Avastin fights early breast cancer in 2 studies: Will it be re-approved?
(CBS/AP) Is Avastin back in running for breast cancer treatment?
The FDA revoked Avastin's approval for treating breast cancer in November 2011, saying the drug didn't extend life and could cause dangerous side effects. But two new studies released this week show the drug made tumors disappear in women with early stages of breast cancer.
The studies' surprising results may reopen the debate about the value of Avastin for breast cancer. These were the first big tests of the drug for early breast cancer, and doctors were cautiously excited that it showed potential.
The new studies, one from the U.S., the other from Germany, tested Avastin in a relatively novel way - before surgery. This is sometimes done to shrink inoperable tumors, or to enable women to have just a lump removed instead of the whole breast. The women in the studies had tumors that were large enough to warrant treatment besides surgery and their cancers were not the type that could be treated by another widely used drug, Herceptin.
In the U.S. study, led by Dr. Harry Bear of Virginia Commonwealth University, 1,200 women were given chemo or chemo plus infusions of Avastin. By the time of their surgery, no cancer could be found in the breasts of more than 34 percent of those given Avastin versus 28 percent of the others who had chemo alone. Surgeons still had to operate because they don't know the tumor is gone until they check tissue samples.

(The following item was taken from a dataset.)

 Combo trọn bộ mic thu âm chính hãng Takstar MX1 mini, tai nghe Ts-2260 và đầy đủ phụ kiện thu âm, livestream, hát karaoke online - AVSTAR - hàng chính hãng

The German study, led by Dr. Gunter von Minckwitz of the University of Frankfurt in Germany, involved 1,900 women including some with larger tumors. It used a stricter definition of cancer-free at surgery: no sign of disease in the breast or lymph nodes rather than just the breast. No cancer was seen in 18 percent of women on Avastin versus 15 percent of those given only chemo. Different chemo drugs were used - a factor that might change Avastin's effectiveness.

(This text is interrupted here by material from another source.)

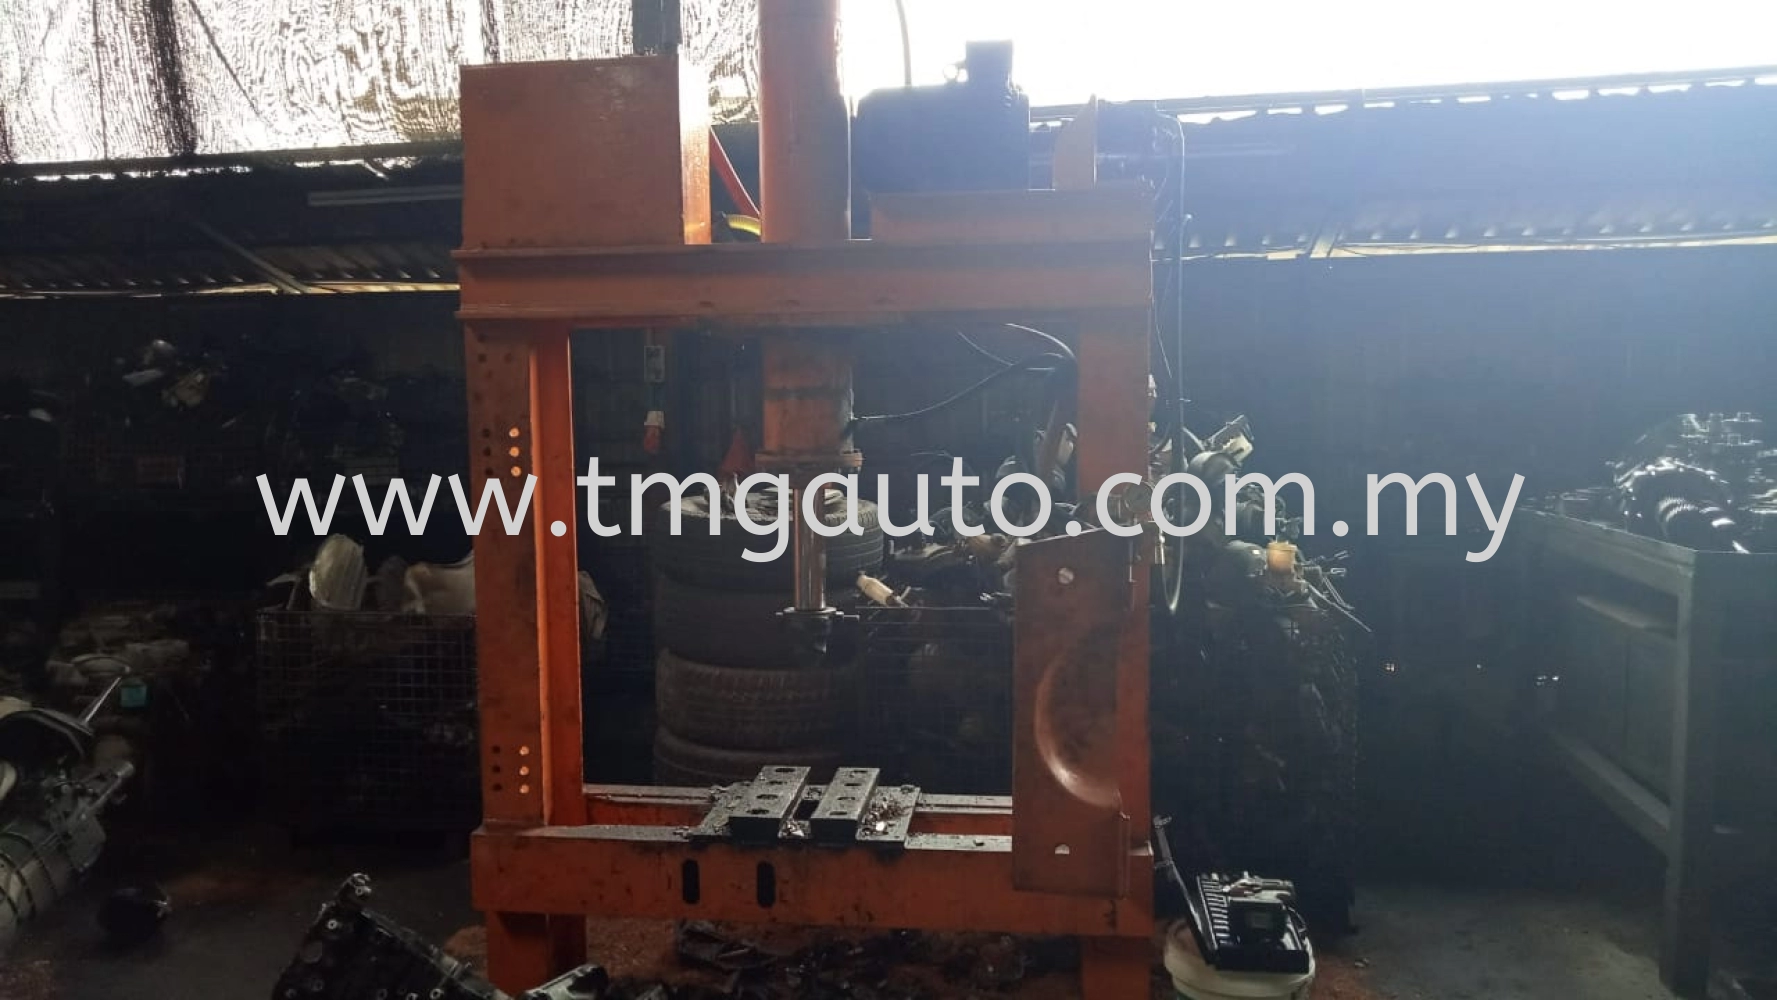 Industrial Hydraulic Press Machinery

Both studies are published in the Jan. 25 issue of the New England Journal of Medicine.
A big caveat, though: The true test is whether Avastin improves survival, and it's too soon to know that since both studies are still tracking the women's health. The drug also has serious side effects, including added risk for heart problems and bleeding.
"I don't think it's clear yet whether this is going to be a winner," Bear said of Avastin. But he added, "I don't think we're done with it."
Avastin is still approved for treating some colon, lung, kidney and brain tumors. In 2008, it won conditional U.S. approval for advanced breast cancer because it seemed to slow the disease. Further research showed it didn't meaningfully prolong life and raised risk for dangerous blood clots and infection, HealthPop reported.
Now doctors can prescribe Avastin for breast cancer but insurers may not pay, and treatment can cost as much as $10,000 a month. The drug is made by California-based Genentech, part of the Swiss company Roche. It is still approved for treating advanced breast cancer in Europe and Japan.
If even one of these new studies shows a survival advantage for Avastin "that would be a game changer" although side effects remain a concern, said Dr. Gary Lyman, a cancer researcher at Duke University who was on the federal advisory panel that recommended revoking Avastin's approval.
However, von Minckwitz said side effects are more justifiable in early breast cancer patients because "the intention is cure" rather than in late-stage disease where cure isn't usually possible.
Of the more than 200,000 women in the U.S. diagnosed each year with breast cancer, about 30,000 are like those in the new studies, Lyman estimated.
But the studies' impact could be far greater: The participants' tissue samples are being analyzed for genes and biomarkers to predict which women are most likely to respond to Avastin. That could help individualize treatment for certain women with advanced disease, too.
Three other studies are under way testing Avastin in early breast cancer; one is expected to have results by the end of this year, said Dr. Sandra Horning, global development chief of cancer drugs for Roche and Genentech. The company does not plan to seek any change in Avastin's use until more results are available, she said.